▶ **Record excerpts**:
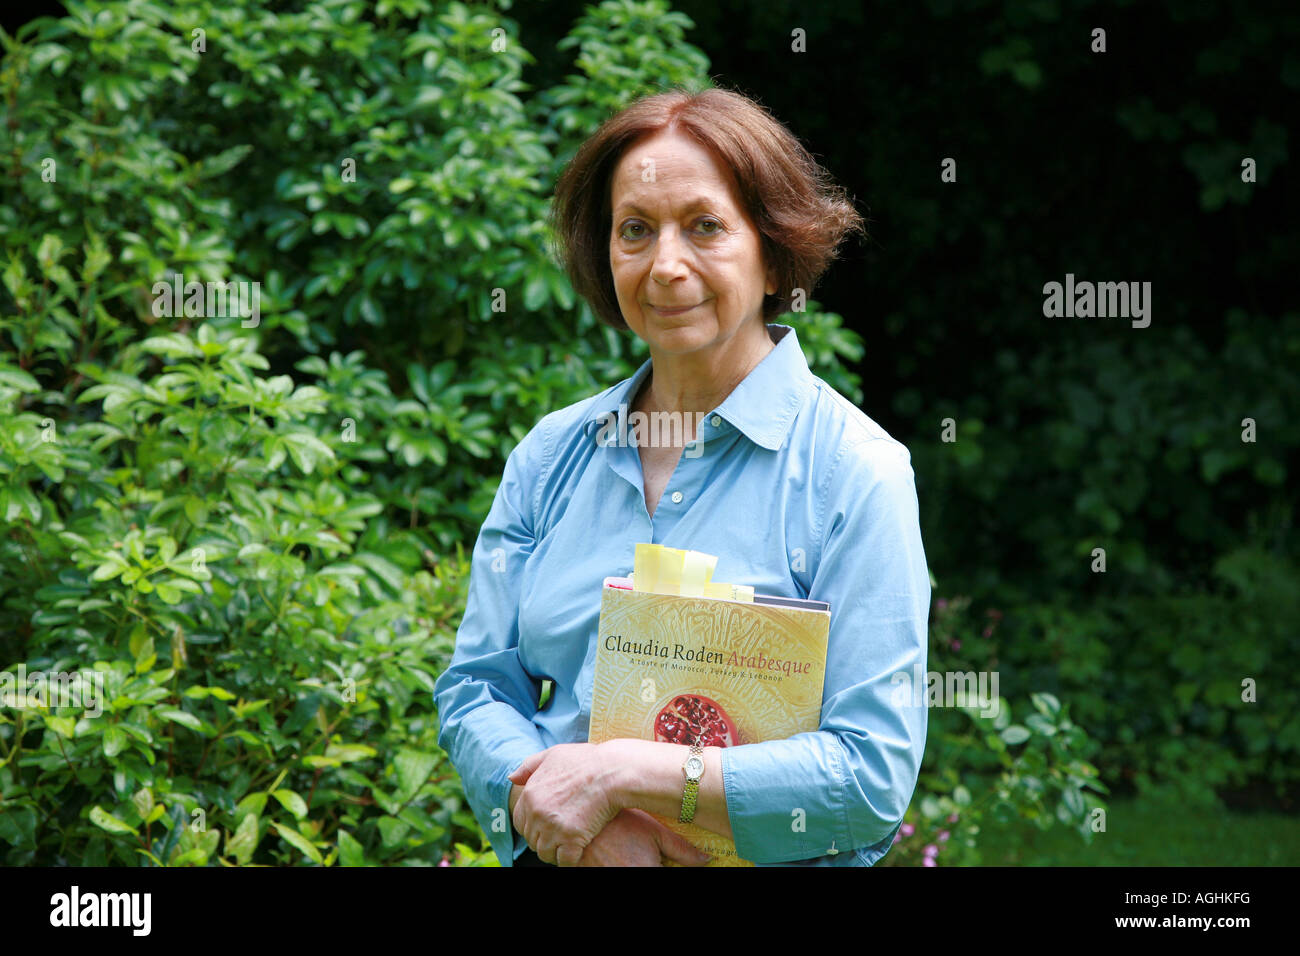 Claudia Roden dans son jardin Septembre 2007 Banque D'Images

==

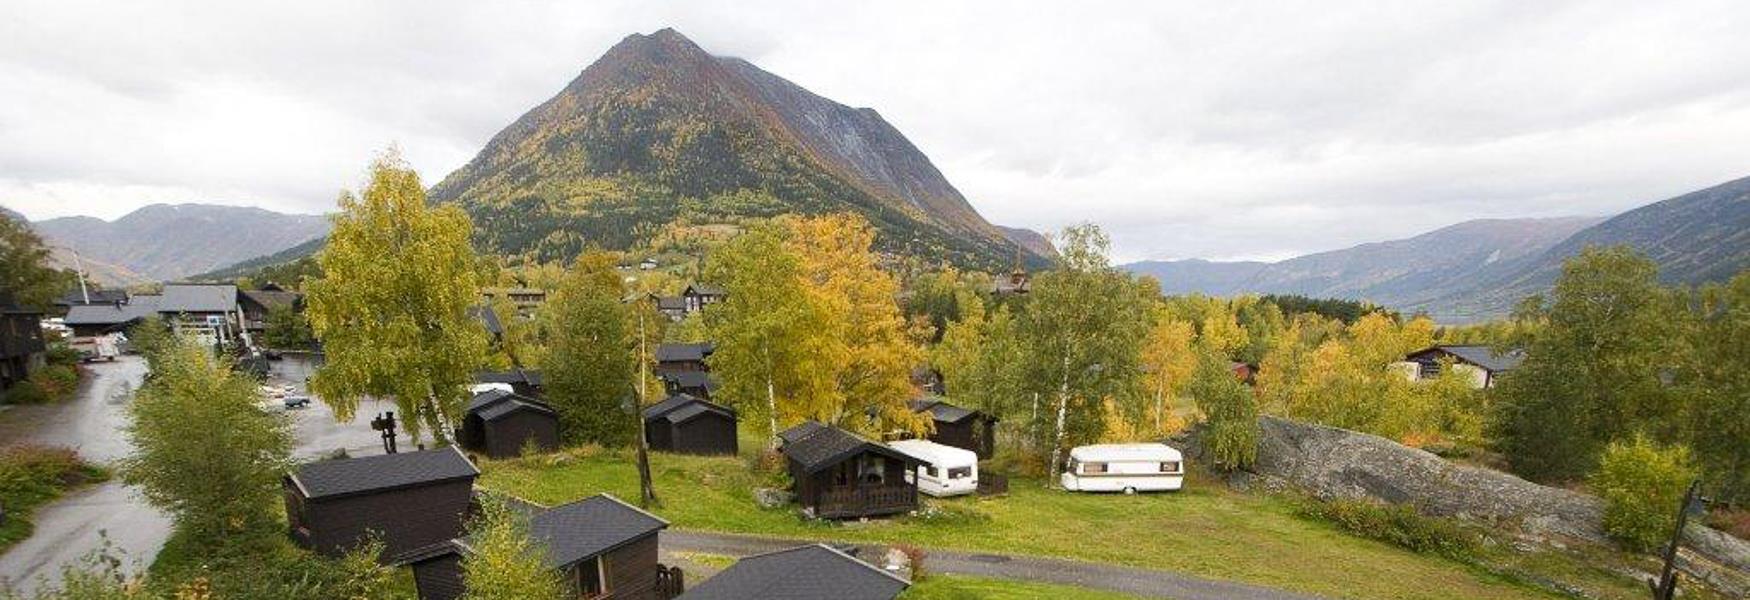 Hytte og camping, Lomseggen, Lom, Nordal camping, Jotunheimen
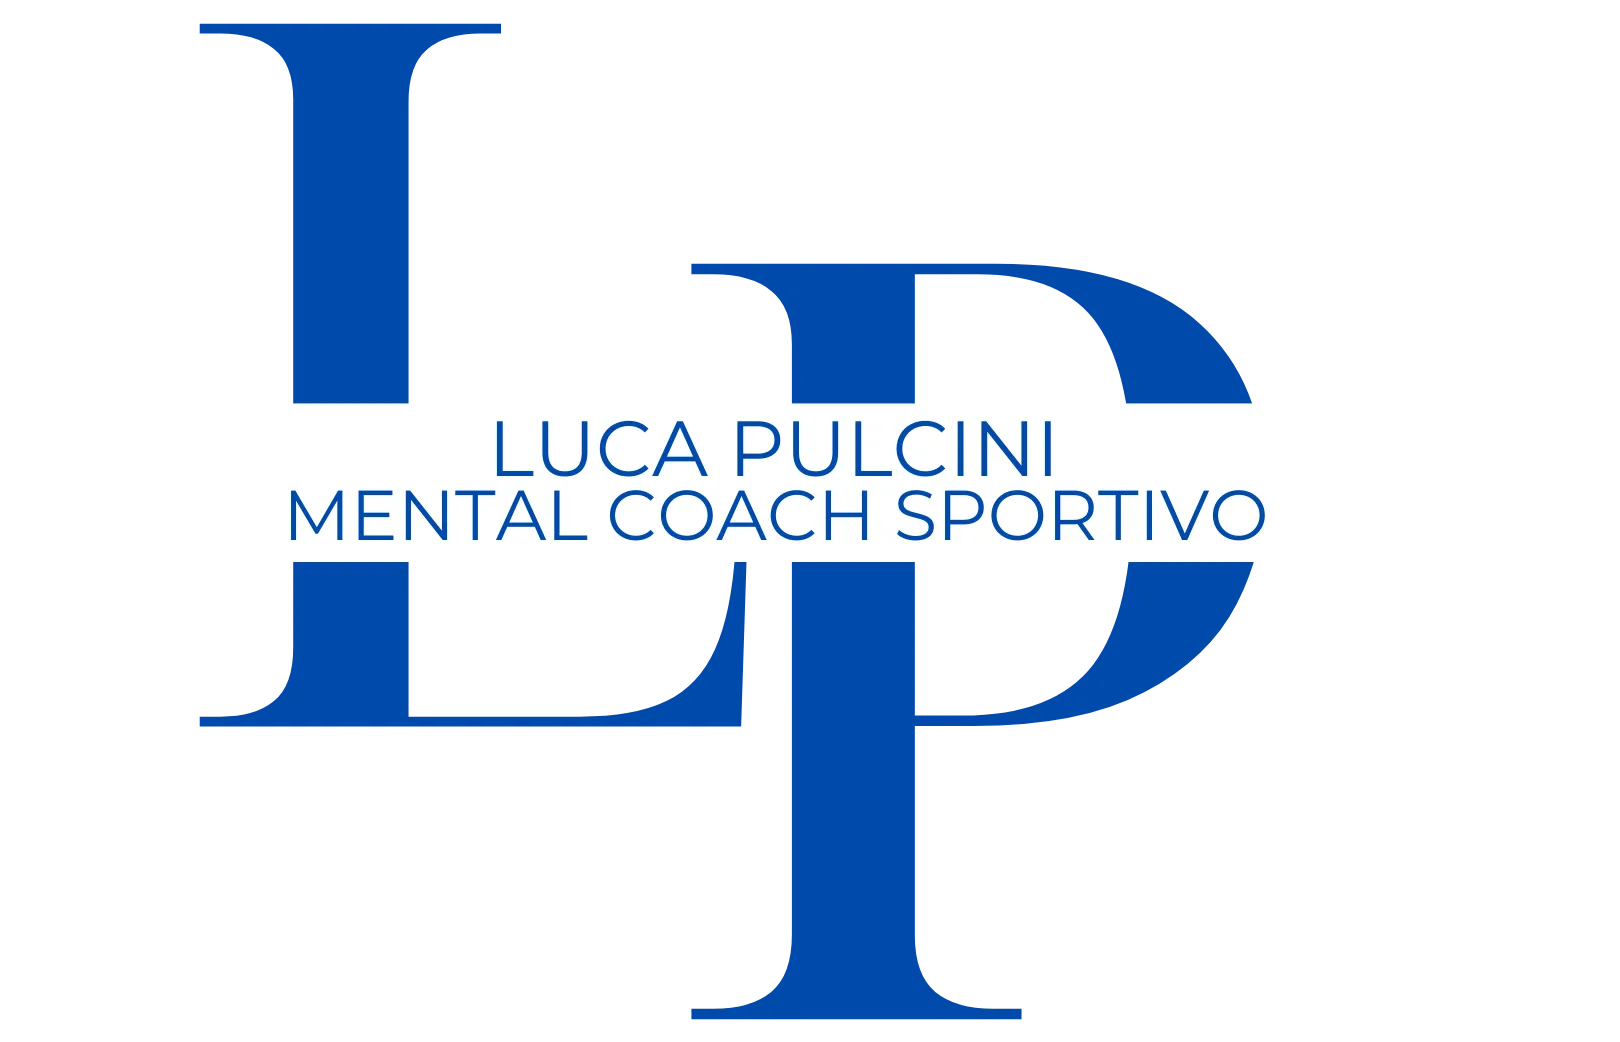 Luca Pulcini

▶ **Brief**:
Output exactly the lines above that lie between the line with "Hytte og camping, Lomseggen, Lom, Nordal" and the line with "Luca Pulcini", those two lines included, and no pictures.

▶ **Completed task**:
 Hytte og camping, Lomseggen, Lom, Nordal camping, Jotunheimen
 Luca Pulcini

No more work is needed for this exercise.